Christopher Mackenzie-Coates

Un retour à la maison à vive allure lui vaut 18 mois de prison

Un retour à la maison à vive allure dans les rues de l'arrondissement de Lennoxville qui a coûté la vie à un homme de 23 ans et brisé une famille privera Christopher Mackenzie-Coates de liberté pour les dix-huit prochains mois.
Mackenzie-Coates, de Scotstown, était au volant d'un Pontiac G8 lorsqu'il en a perdu le contrôle alors qu'il roulait à 114 km/h sur la rue College en août 2009. Le véhicule du conducteur a terminé sa course contre un pilier du pont tuant Éric Coates, le passager assis à l'avant du véhicule.
L'accusé était de retour devant le juge Paul Dunnigan de la Cour du Québec pour recevoir sa peine. Le procureur aux poursuites criminelles Me Claude Robitaille et l'avocat de la défense Me Michel Dussault ont présenté une suggestion commune au juge d'une peine d'incarcération de dix-huit assortie d'une probation de deux ans et d'une interdiction de conduire tout aussi longue.
Cousin et meilleur ami de la victime, Christopher MacKenzie-Coates regrette les gestes qui sont survenus.
Les proches de la victime originaire de LaPatrie ne croyant pas que les remords de l'accusé sont sincères. L'événement tragique a brisé la famille en deux.
Vêtu en noir, lundi, l'accusé a accepté son sort sans broncher. La tête basse, il a pris le chemin de la prison. Ses parents l'accompagnaient au palais de justice de Sherbrooke. La famille de la victime et de l'accusé ne se sont pas parlés.
« C'est vraiment difficile de lui pardonner. Cependant, nous ne pouvons pas revenir en arrière », indique Émily Coates, la soeur de la victime qui était présente devant le tribunal avec son père.
La famille de la victime a déposé des lettres au tribunal décrivant les impacts de cet accident sur leur vie.

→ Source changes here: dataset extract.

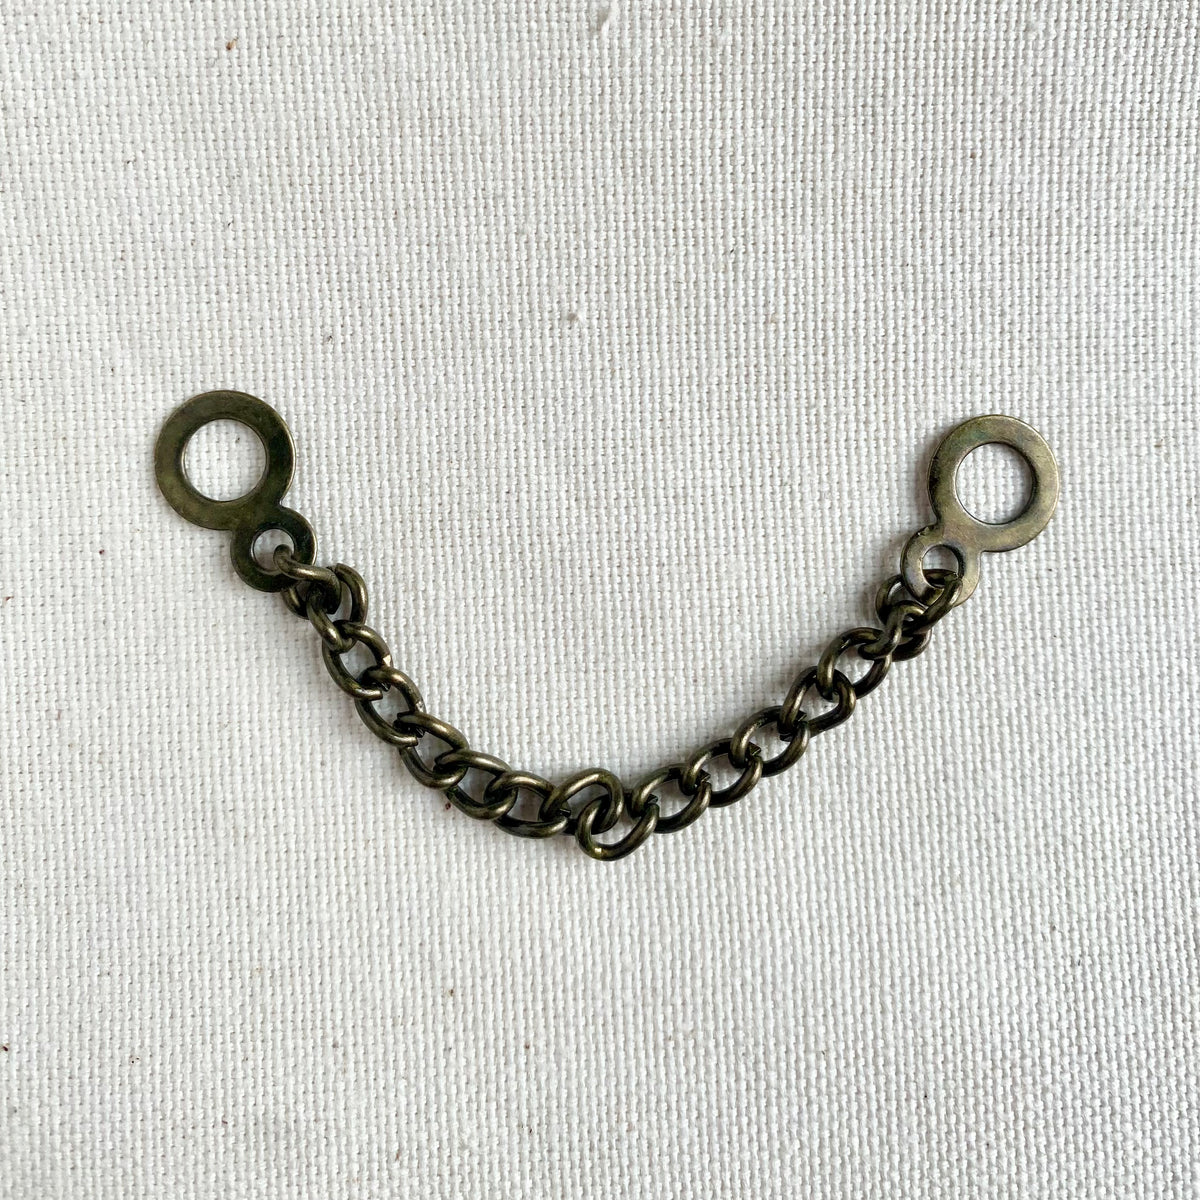 Metal Coat Hanging Chain Loop - Antique Brass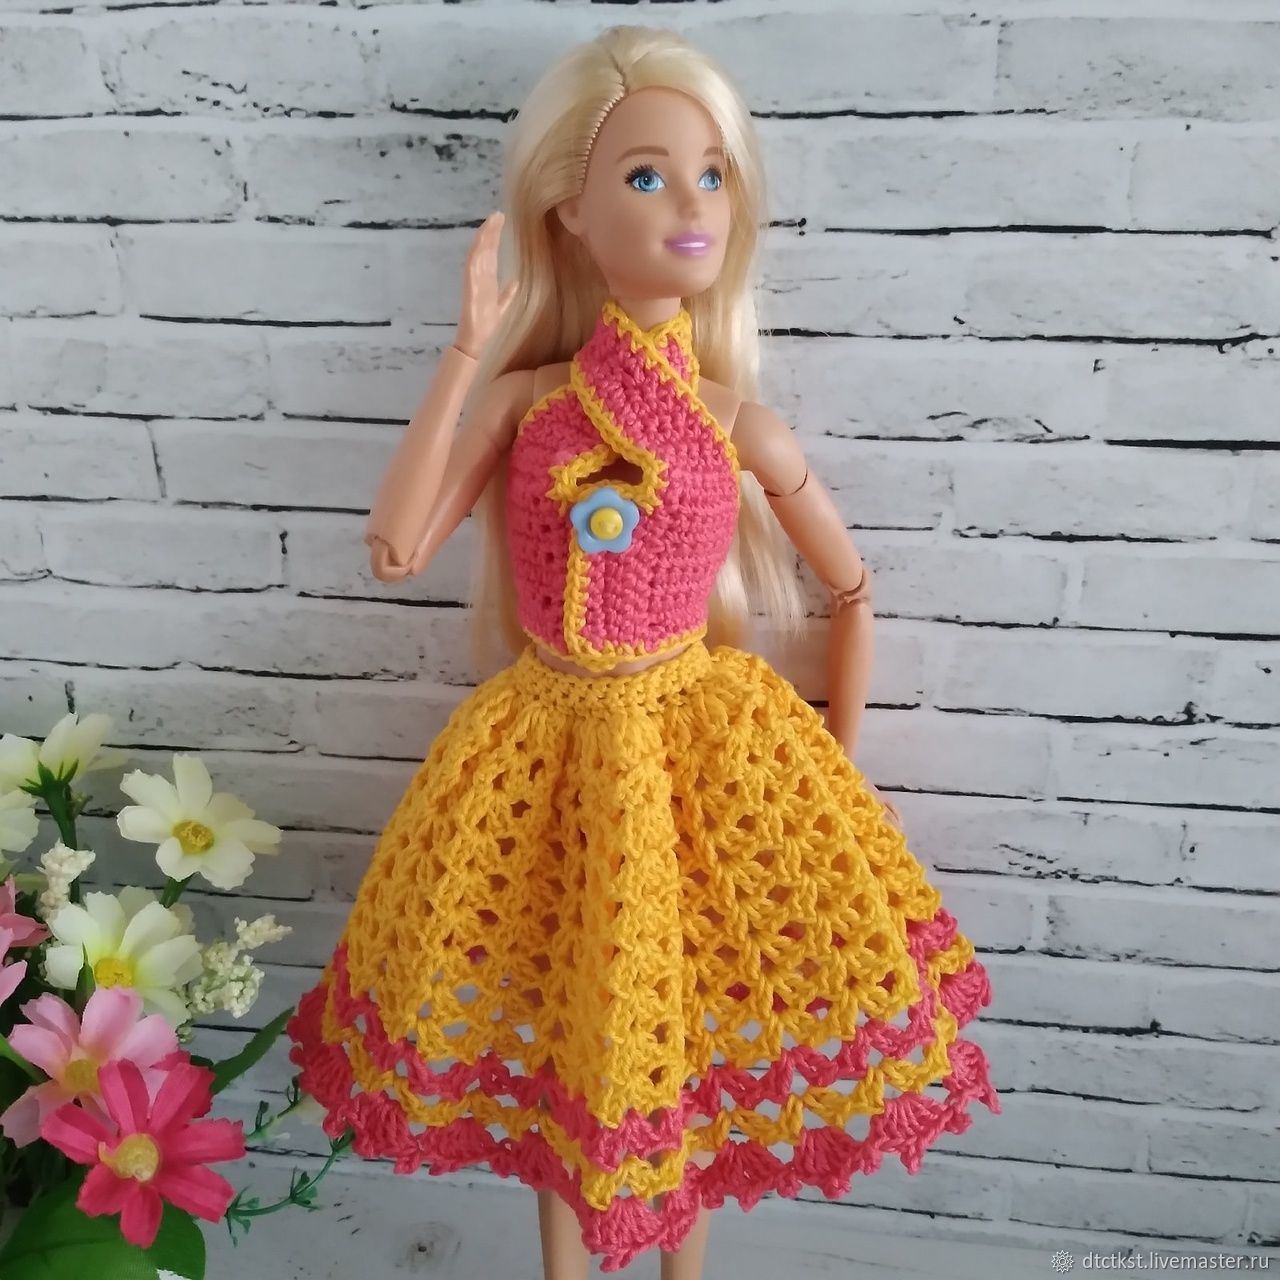 Описание Кукла Mattel Обувь, одежда, мебель, аксессуары Одежда для куклы Barbie Модный сиреневый

Des accusations de conduite dangereuse causant la mort avaient été déposées une année après les tragiques événements survenus en pleine nuit près de l'Université Bishop' s. Christopher Mackenzie Coates et Éric Coates revenaient d'une soirée entre amis où ils avaient consommé de la bière lorsque l'accident mortel est survenu. Le Service de police de Sherbrooke avait demandé à un expert de procéder à un rétrocalcul de la consommation d'alcool. Les résultats n'avaient pas permis de porter des accusations relatives à la consommation d'alcool.
« Il y avait présence d'alcool, mais pas assez pour permettre de porter des accusations qui y étaient reliées. L'accusé roulait cependant à plus de deux fois la limite permise », a expliqué au tribunal Me Robitaille.
Me Michel Dussault soutient que son client n'a jamais minimisé son implication dans cet accident. Il a même fait des aveux concernant sa conduite aux policiers à la suite de son arrestation.
Christopher Mackenzie Coates avait plaidé à l'accusation de conduite dangereuse causant la mort le 2 août 2009.